What you should do » Scan the entries below for the word "Games". Copy each line that has it.
Segment Start: Information provided
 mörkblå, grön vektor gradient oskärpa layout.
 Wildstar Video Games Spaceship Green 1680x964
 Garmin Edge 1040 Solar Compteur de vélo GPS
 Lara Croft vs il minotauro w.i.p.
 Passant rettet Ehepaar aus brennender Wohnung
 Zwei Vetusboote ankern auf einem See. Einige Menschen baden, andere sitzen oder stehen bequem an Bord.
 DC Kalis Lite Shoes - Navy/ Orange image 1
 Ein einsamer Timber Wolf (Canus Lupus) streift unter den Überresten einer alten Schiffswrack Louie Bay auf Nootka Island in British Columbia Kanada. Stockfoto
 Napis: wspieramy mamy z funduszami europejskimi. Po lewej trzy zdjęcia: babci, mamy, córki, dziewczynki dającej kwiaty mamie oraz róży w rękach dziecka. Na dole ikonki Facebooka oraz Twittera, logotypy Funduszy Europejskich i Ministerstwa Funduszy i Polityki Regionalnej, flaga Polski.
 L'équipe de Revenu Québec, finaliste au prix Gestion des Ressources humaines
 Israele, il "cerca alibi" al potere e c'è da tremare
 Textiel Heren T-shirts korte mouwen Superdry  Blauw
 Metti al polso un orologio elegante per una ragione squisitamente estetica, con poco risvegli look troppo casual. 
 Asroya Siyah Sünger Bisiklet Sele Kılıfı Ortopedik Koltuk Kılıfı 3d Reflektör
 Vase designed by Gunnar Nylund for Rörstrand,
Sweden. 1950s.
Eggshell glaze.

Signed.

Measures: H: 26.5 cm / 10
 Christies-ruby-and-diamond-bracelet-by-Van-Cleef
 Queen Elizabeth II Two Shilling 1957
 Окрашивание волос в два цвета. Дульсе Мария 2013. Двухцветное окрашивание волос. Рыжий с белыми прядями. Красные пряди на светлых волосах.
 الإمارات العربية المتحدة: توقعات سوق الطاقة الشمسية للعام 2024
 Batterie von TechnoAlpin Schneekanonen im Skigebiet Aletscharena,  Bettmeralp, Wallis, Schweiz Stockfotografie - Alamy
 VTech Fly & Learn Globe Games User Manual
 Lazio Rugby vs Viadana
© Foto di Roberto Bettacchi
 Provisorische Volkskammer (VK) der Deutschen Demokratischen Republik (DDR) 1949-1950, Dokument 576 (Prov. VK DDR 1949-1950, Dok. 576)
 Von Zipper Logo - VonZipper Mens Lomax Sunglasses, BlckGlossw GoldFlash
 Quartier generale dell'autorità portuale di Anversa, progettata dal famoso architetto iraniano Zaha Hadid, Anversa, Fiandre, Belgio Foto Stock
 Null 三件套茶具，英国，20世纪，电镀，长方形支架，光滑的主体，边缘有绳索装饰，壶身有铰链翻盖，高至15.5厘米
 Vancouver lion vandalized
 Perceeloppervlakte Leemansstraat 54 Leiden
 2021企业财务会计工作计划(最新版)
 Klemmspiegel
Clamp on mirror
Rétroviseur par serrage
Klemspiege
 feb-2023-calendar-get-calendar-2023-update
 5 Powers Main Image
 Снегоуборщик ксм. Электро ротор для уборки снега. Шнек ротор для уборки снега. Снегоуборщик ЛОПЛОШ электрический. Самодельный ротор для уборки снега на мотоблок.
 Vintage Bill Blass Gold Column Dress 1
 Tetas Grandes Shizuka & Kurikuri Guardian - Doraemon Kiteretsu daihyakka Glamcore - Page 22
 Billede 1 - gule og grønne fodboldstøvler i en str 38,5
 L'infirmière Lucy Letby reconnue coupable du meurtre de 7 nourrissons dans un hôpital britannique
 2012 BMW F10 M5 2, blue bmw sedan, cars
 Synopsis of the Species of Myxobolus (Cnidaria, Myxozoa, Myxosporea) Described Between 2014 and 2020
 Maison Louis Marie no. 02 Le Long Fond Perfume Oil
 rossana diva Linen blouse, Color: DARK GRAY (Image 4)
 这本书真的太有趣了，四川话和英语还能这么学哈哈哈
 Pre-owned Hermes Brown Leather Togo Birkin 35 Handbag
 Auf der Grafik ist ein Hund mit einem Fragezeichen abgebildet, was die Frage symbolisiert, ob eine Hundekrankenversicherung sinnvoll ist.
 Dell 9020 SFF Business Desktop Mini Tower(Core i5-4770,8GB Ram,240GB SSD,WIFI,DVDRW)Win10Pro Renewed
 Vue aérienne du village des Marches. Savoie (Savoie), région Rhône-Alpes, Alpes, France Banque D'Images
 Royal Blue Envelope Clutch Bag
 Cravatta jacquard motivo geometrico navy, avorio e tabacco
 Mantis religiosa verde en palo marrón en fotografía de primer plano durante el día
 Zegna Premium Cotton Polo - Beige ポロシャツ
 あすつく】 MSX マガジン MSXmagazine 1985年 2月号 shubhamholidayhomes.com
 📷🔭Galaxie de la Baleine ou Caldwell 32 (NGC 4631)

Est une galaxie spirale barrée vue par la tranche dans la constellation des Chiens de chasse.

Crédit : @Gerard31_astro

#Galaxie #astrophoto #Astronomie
Segment End: Information provided
Expected answer »
 Wildstar Video Games Spaceship Green 1680x964
 VTech Fly & Learn Globe Games User Manual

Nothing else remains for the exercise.